No pictures belong in the copy, but every line of the material below must be reproduced exactly.

> _Source data_:
BEGIN
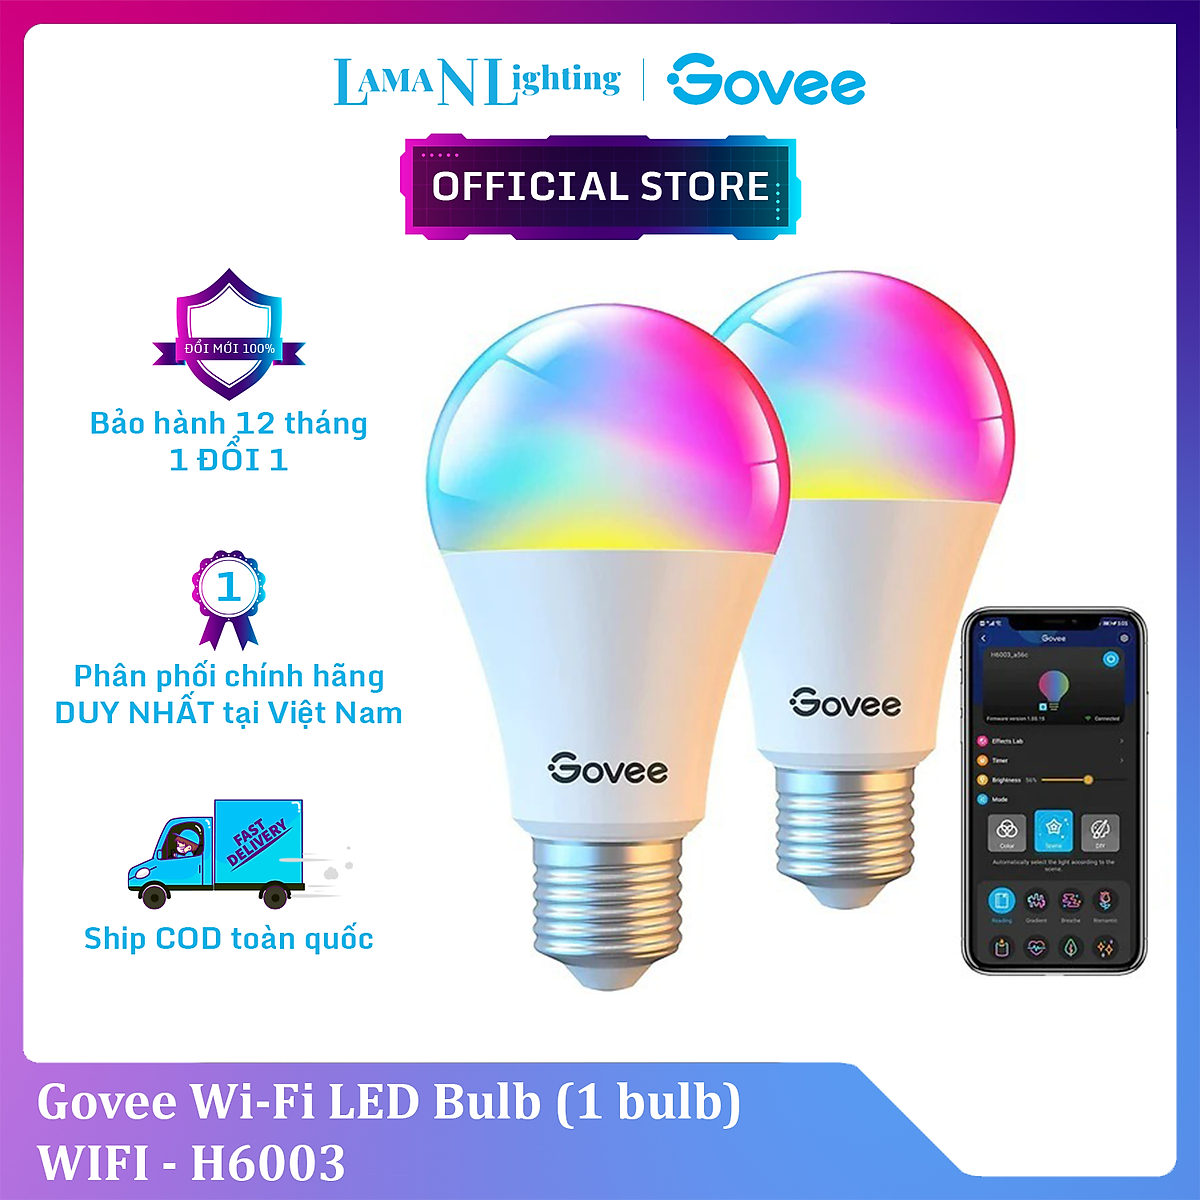 Mua Đèn LED thông minh Govee Wifi LED Bulb H6003 | Bóng led 16 triệu màu,  có hẹn giờ, điều khiển thông minh | Hàng chính hãng tại Đèn led thông minh
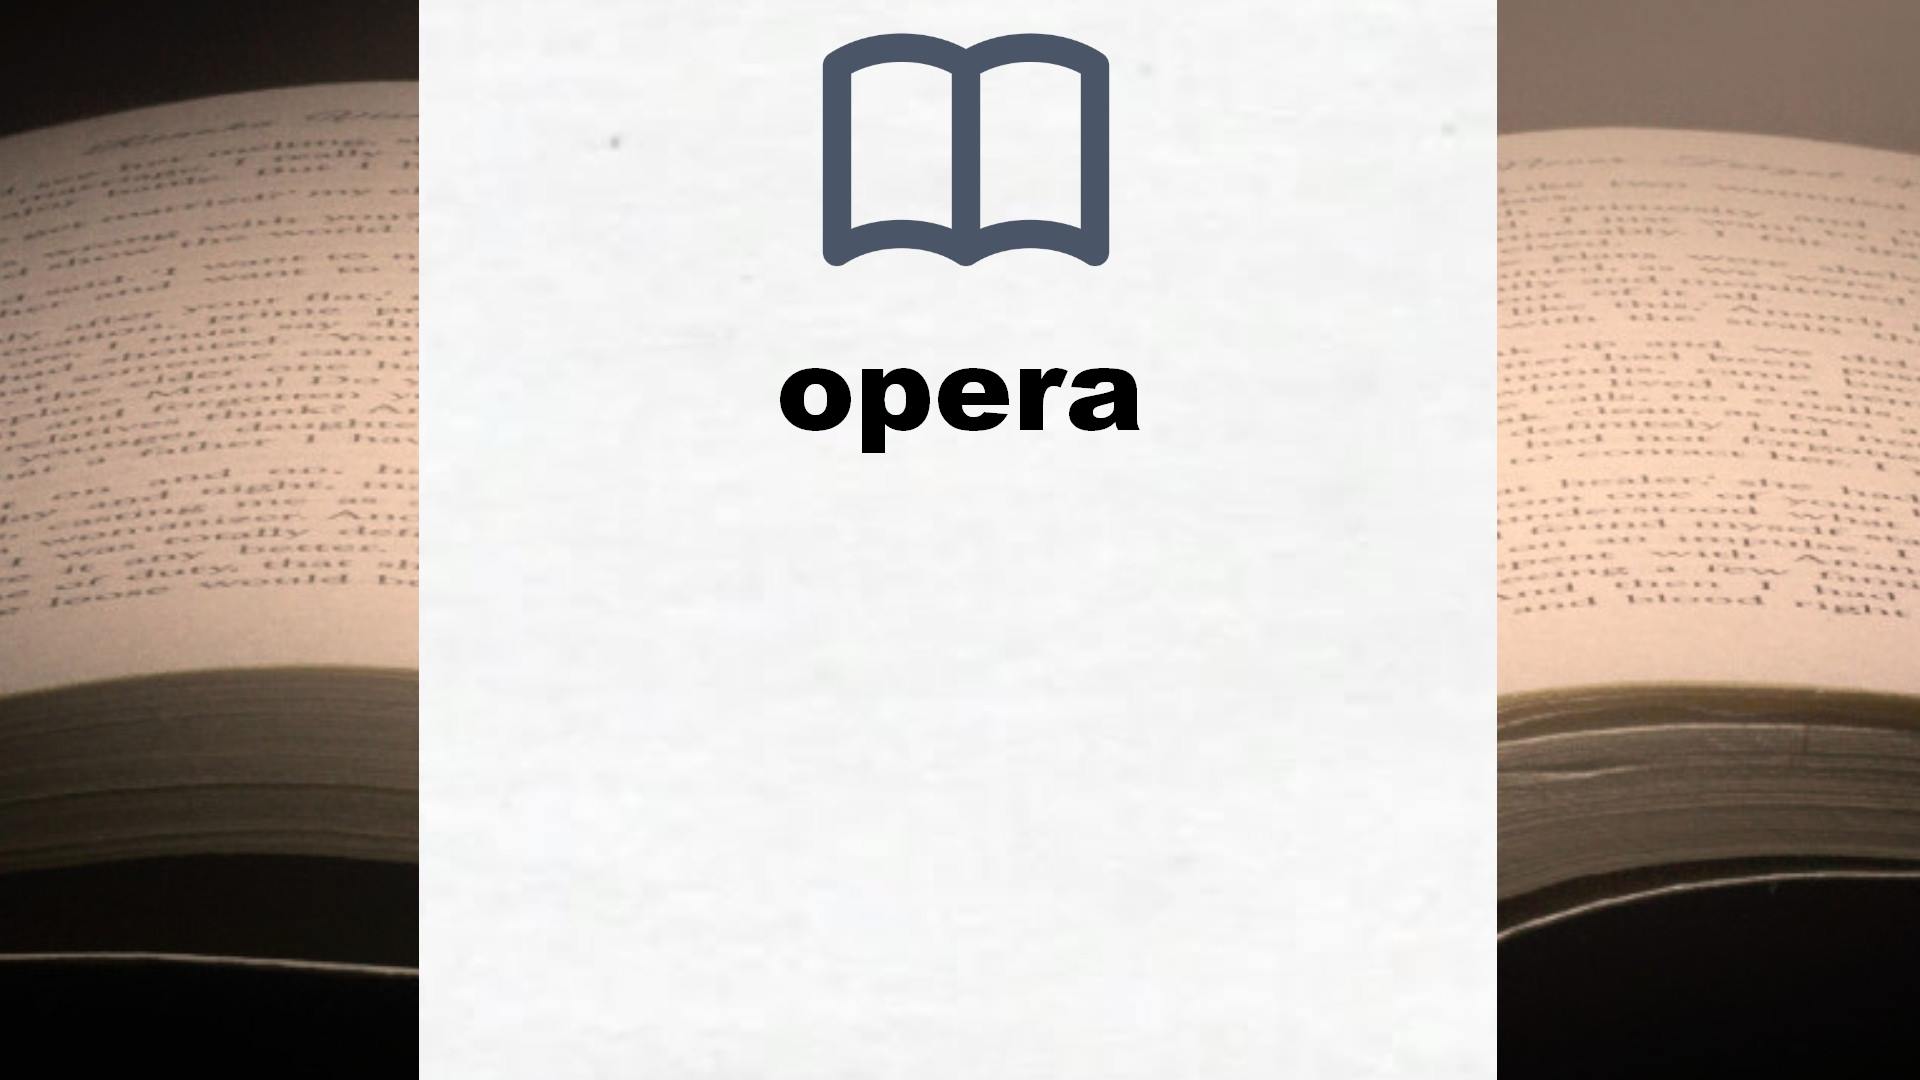 Libros sobre opera
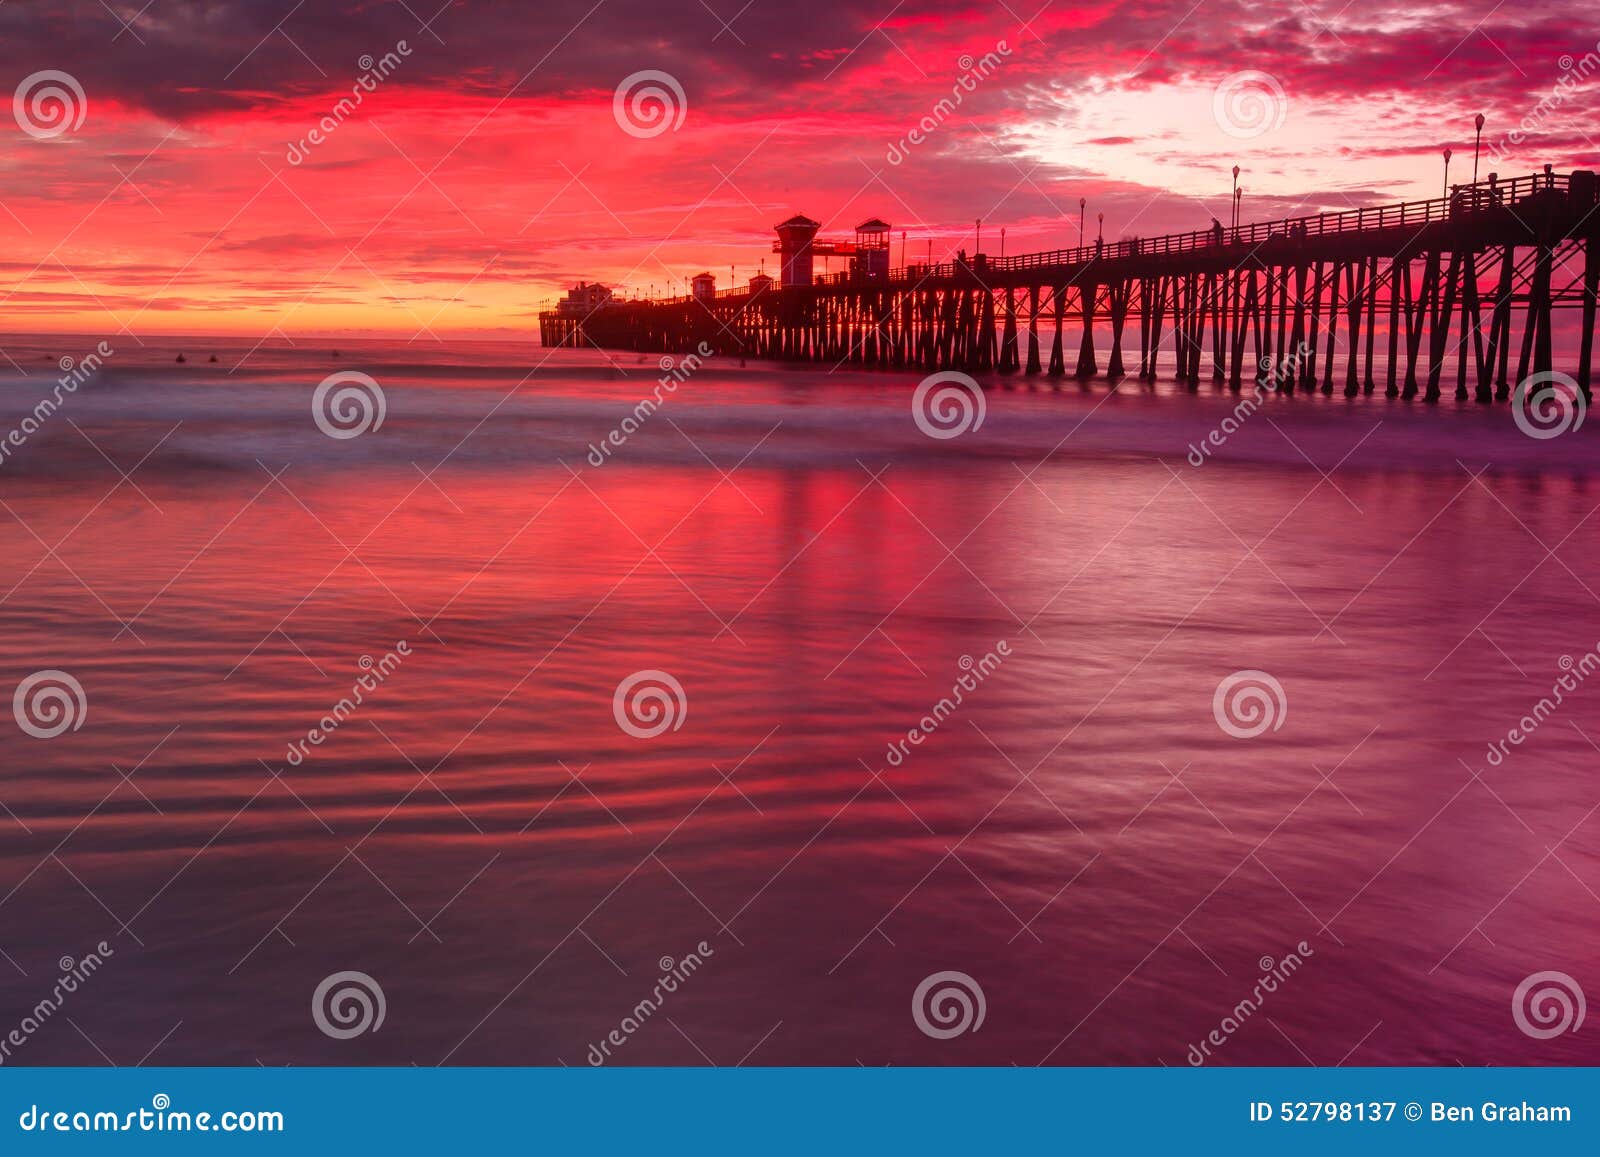 oceanside pier sunset
END
> _Result of the task_:
 Mua Đèn LED thông minh Govee Wifi LED Bulb H6003 | Bóng led 16 triệu màu,  có hẹn giờ, điều khiển thông minh | Hàng chính hãng tại Đèn led thông minh
 Libros sobre opera
 oceanside pier sunset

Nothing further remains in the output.